Flowers from a friend brought a smile! |
Getting a note in the mail ~ written for me ... from a real person ~ is a nice surprise among the endless stacks of bills, catalogs, and credit card offers. And, last night, opening my front door to find a friend on my doorstep with a fresh bouquet of flowers just to say "I'm here for you" ... it was one of the nicest things I could have imagined. {Thank you, Debbie!}
Which leads me to that piping hot cup of coffee ... I am so blessed and happy to have a husband who (a) shares my love of java and (b) gets up early each morning and makes a fresh pot of coffee for us both. It's one of those 'little' things that makes my morning and warms my heart each time I wake to the irresistible aroma of that brewing concoction. Since this is such a joyous part of my mornings, it stands to reason that the absence of this blessed event stands out as a stark reminder of what I'll miss over the next few months.
Waking up on the morning after ... it's a mosaic of whirling emotions that takes more than a moment to reason out ... instant heartache when I realize that I am waking up alone, sudden relief to have survived that challenging first night, consuming pride at having my husband serving in our nation's defense, acute anxiety about the challenges lying in wait just around the bend, enduring compassion for the many who are experiencing the same challenges as I am, and the bittersweet consolation that at least we're on the path to getting to the end. All of these shifting sensations strike at once and seem to culiminate in one large knot in the pit of my stomach.
Then, it's time to get up and wake the kids and prepare for a new day. As I stand outside my oldest son's door, ready to wake him up, I think about the tears he shed as he fell asleep the night before. He has taken our battalion's motto, "Can and Will," as his own personal mantra for this deployment. He cried himself to sleep last night saying, "Can and will. I can and will get through this deployment. Can and will."
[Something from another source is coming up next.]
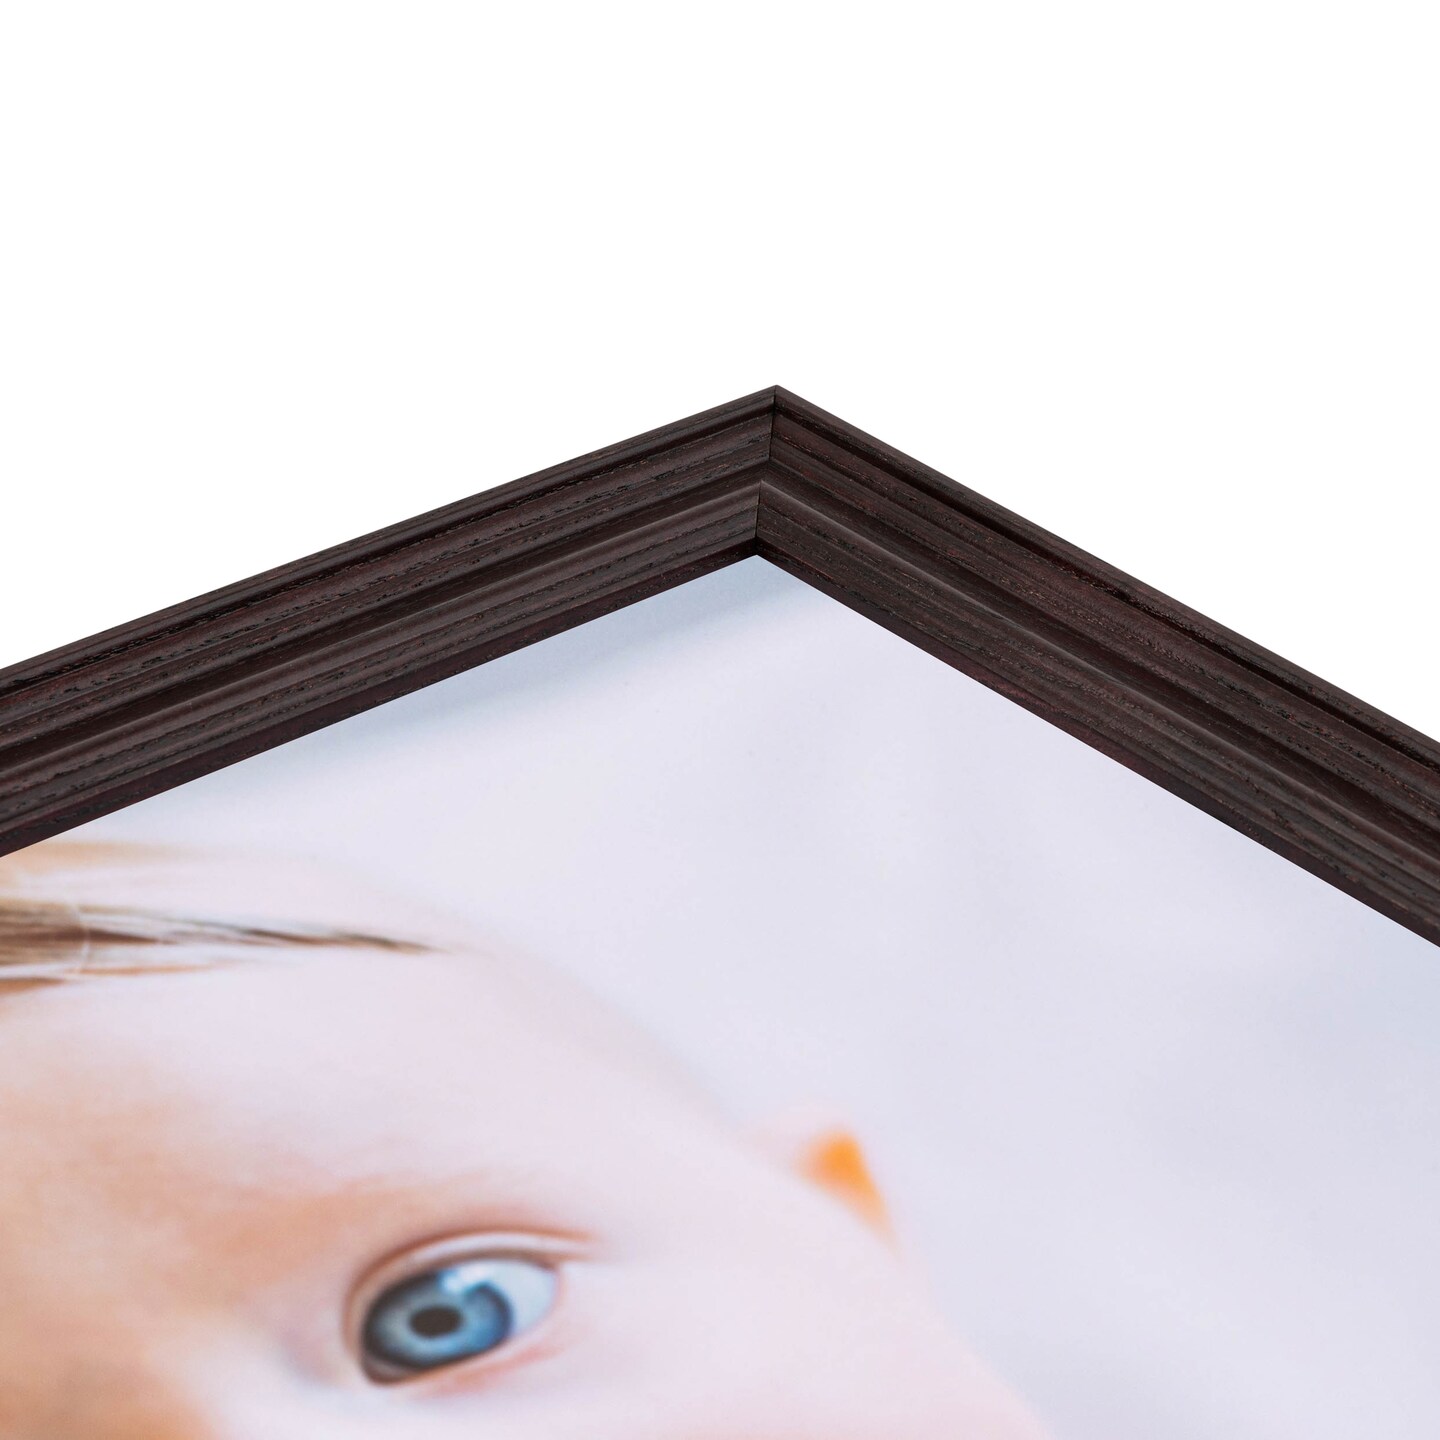 ArtToFrames 27x40 Inch  Picture Frame, This 1.5 Inch Custom Wood Poster Frame is Available in Multiple Colors, Great for Your Art or Photos - Comes with 060 Plexi Glass and  Corrugated Backing (A14ANJ)

I swallow my emotions and decide it's time to start our morning. So I open doors, turn on lights, kiss sleepy heads hello, let out the dogs, and start breakfast. I answer questions ... Mom, where are my shoes? Did you make me a lunch today? Can you sign this permission slip for Field Day? ... and warm up a cup of coffee from yesterday's unfinished pot. I blink away tears and silently mourn the absence of fresh coffee, and the fabulous man who makes it.
And the kids get off to school and another day begins. Day Two and counting. Can and Will.